> EXERCISE INPUTS:
§ §
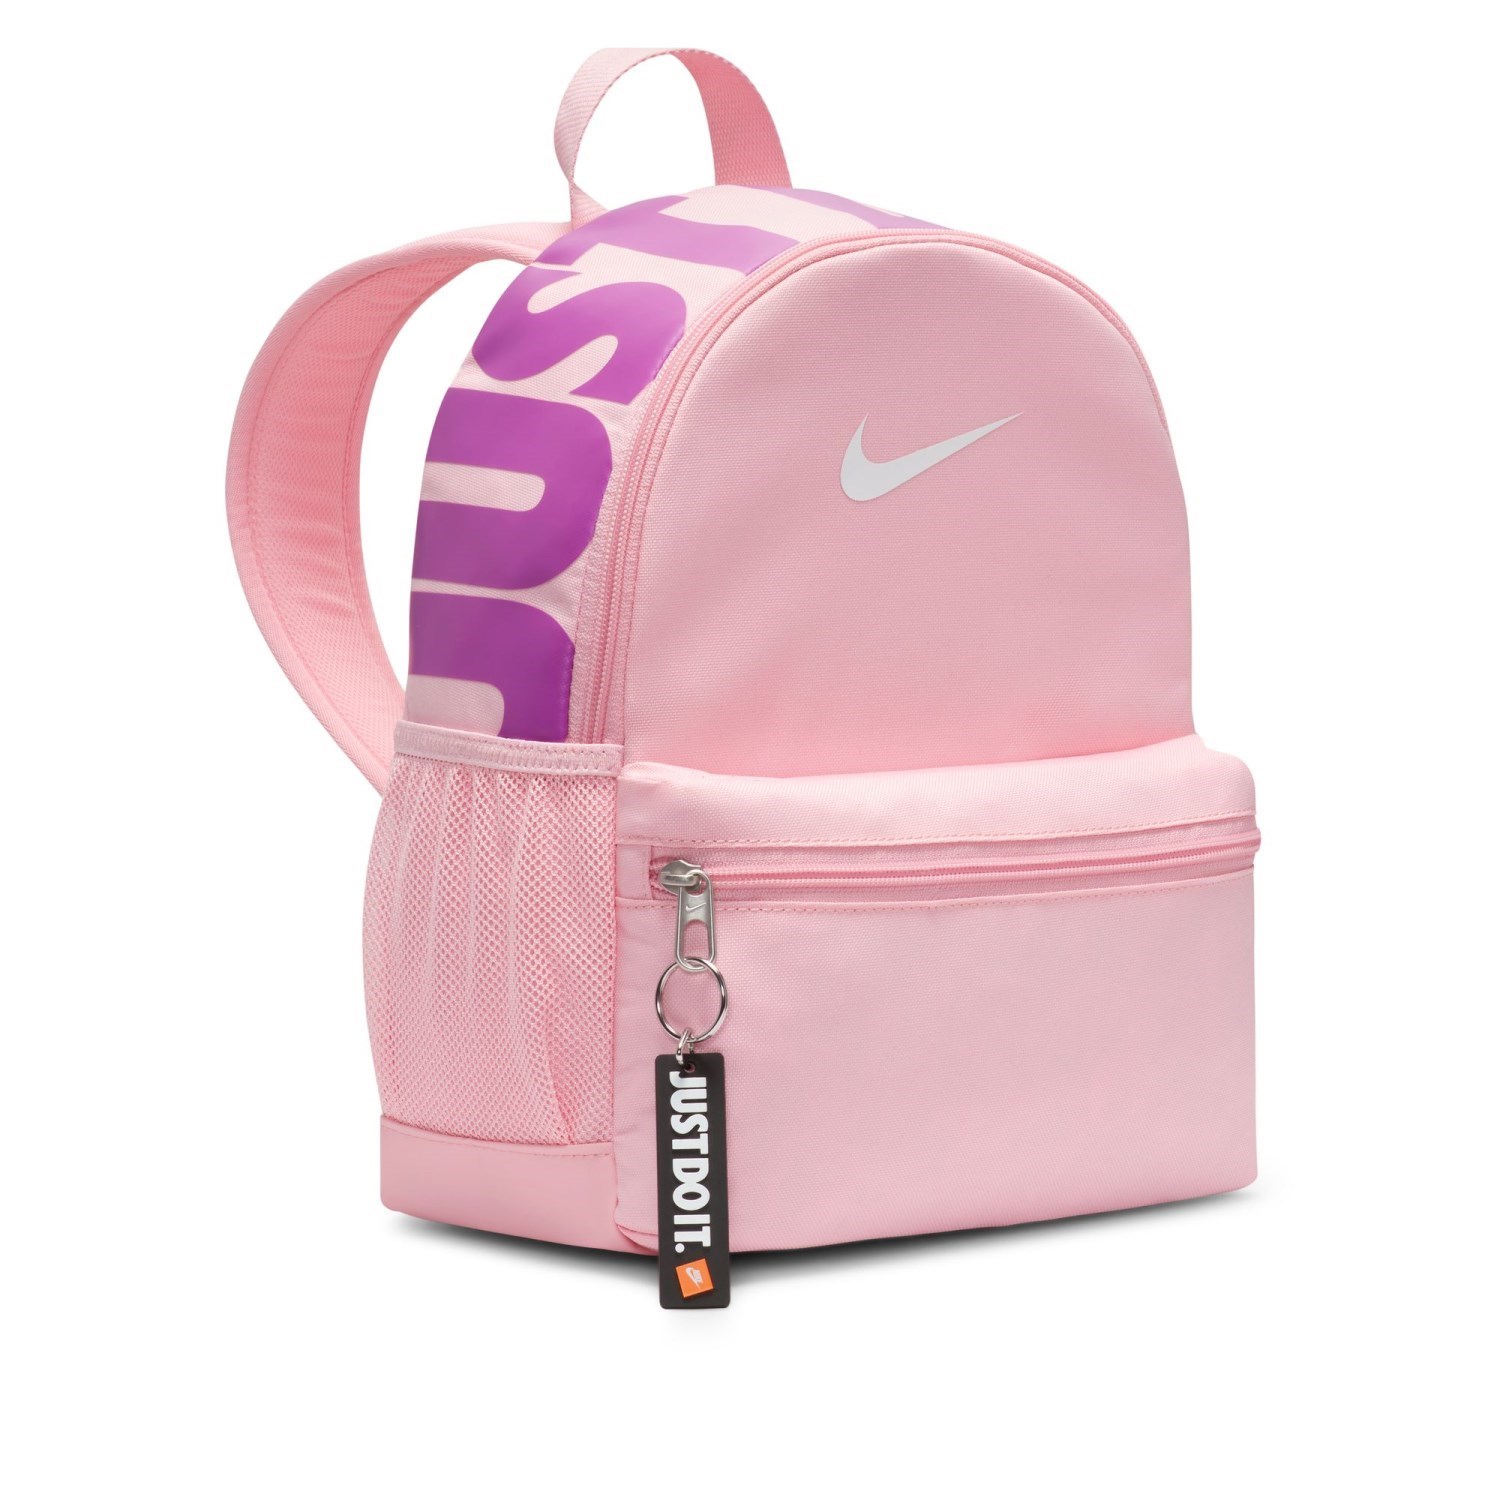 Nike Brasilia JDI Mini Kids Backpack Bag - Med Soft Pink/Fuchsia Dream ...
§ §
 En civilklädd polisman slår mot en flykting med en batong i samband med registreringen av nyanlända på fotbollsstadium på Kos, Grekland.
§ §
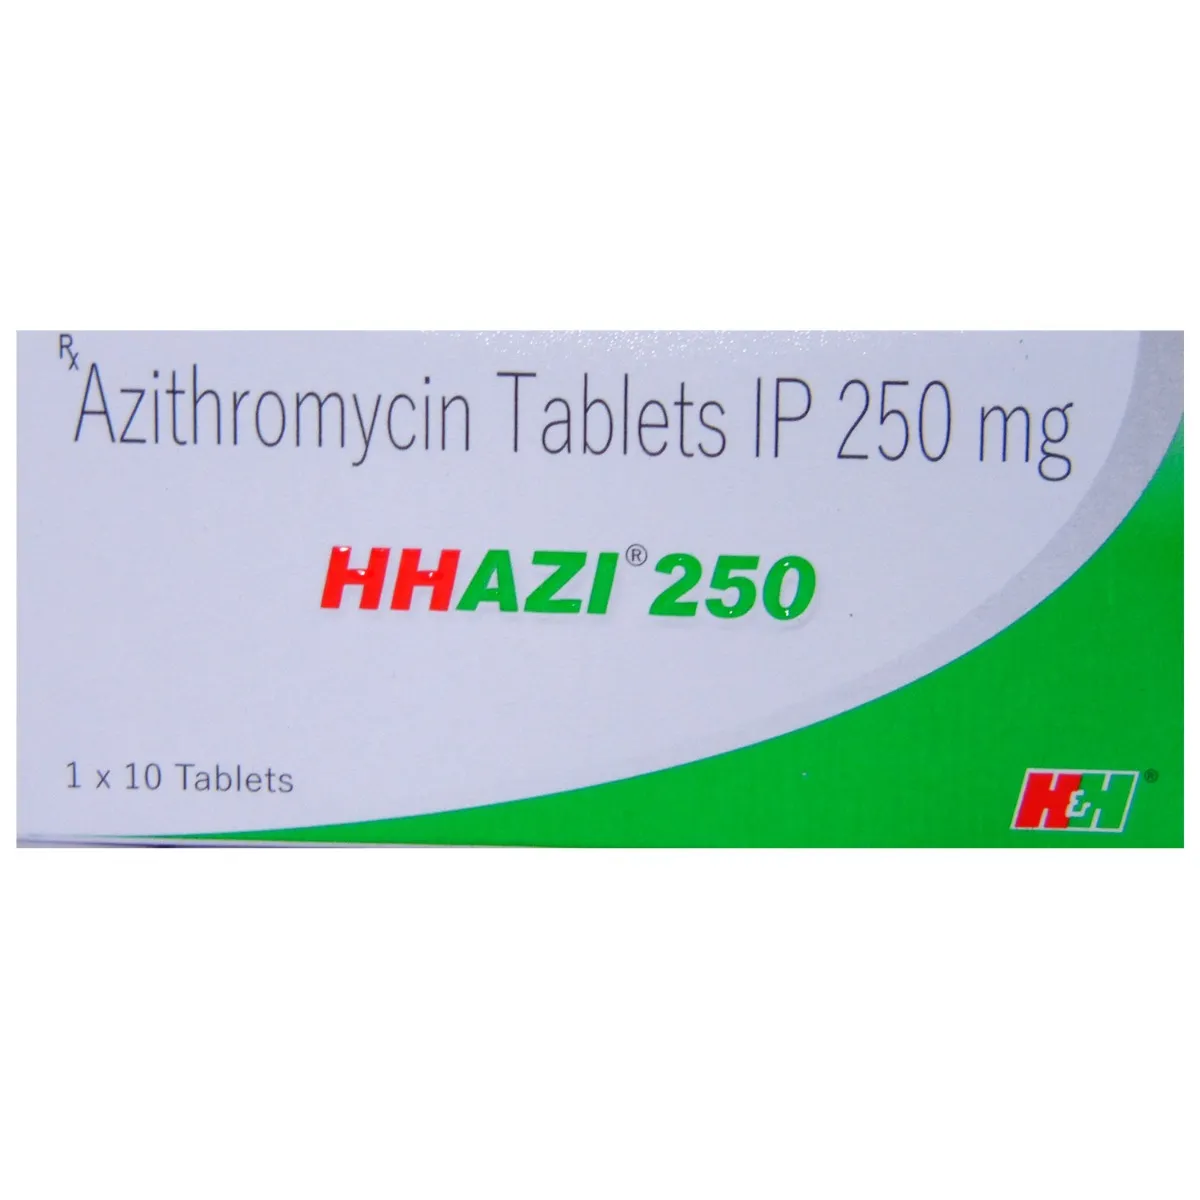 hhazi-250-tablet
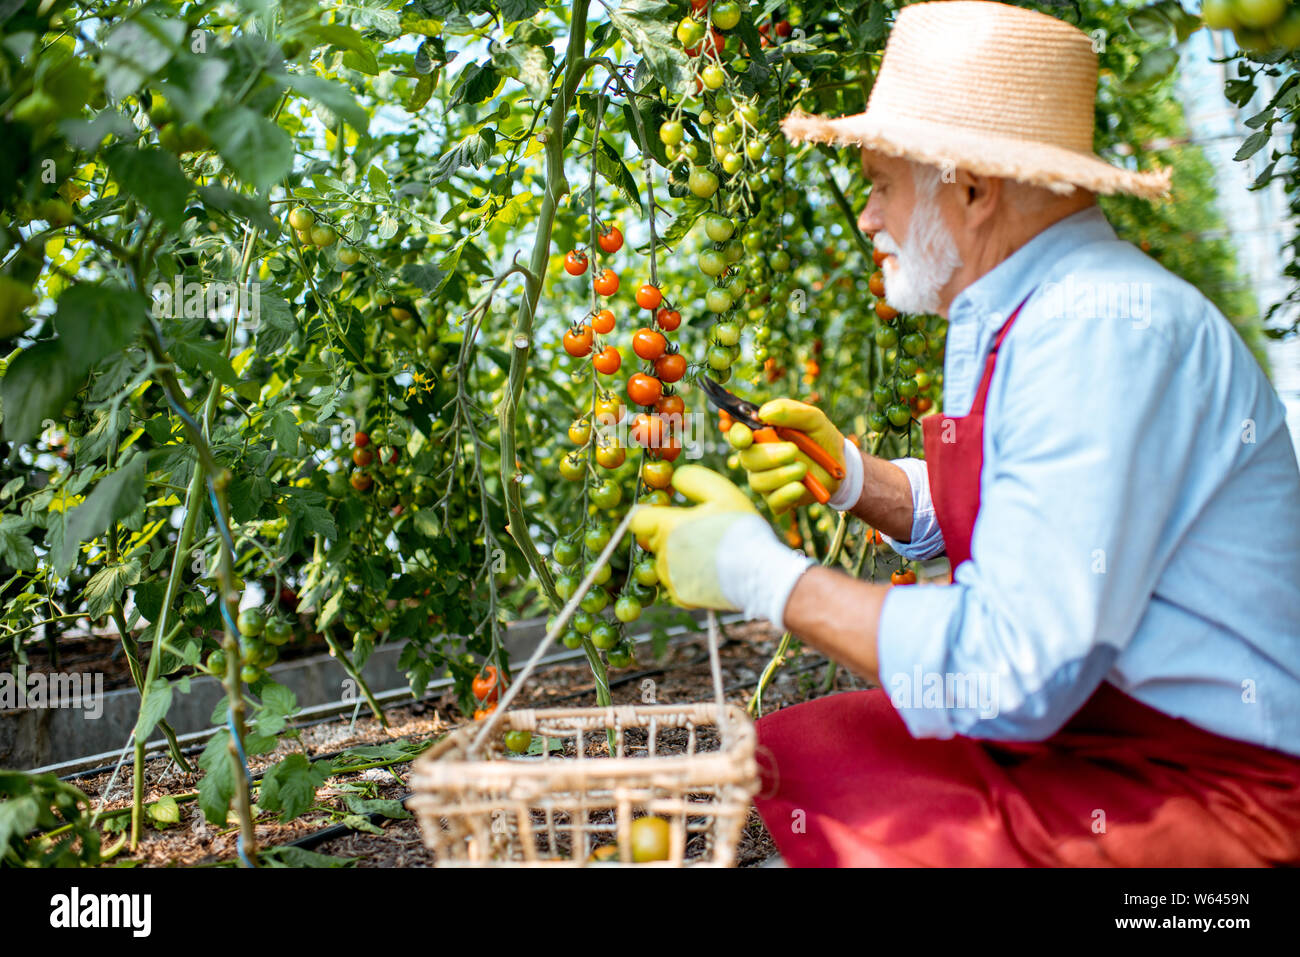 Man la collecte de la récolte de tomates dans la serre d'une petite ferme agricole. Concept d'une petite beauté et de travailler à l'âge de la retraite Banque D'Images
§ §
> TASK PROMPT:
Using the entries above, transcribe every line from the line containing "hhazi-250-tablet" through the line containing "Man la collecte". Do not copy pictures.

> EXERCISE OUTPUT:
 hhazi-250-tablet
 Man la collecte de la récolte de tomates dans la serre d'une petite ferme agricole. Concept d'une petite beauté et de travailler à l'âge de la retraite Banque D'Images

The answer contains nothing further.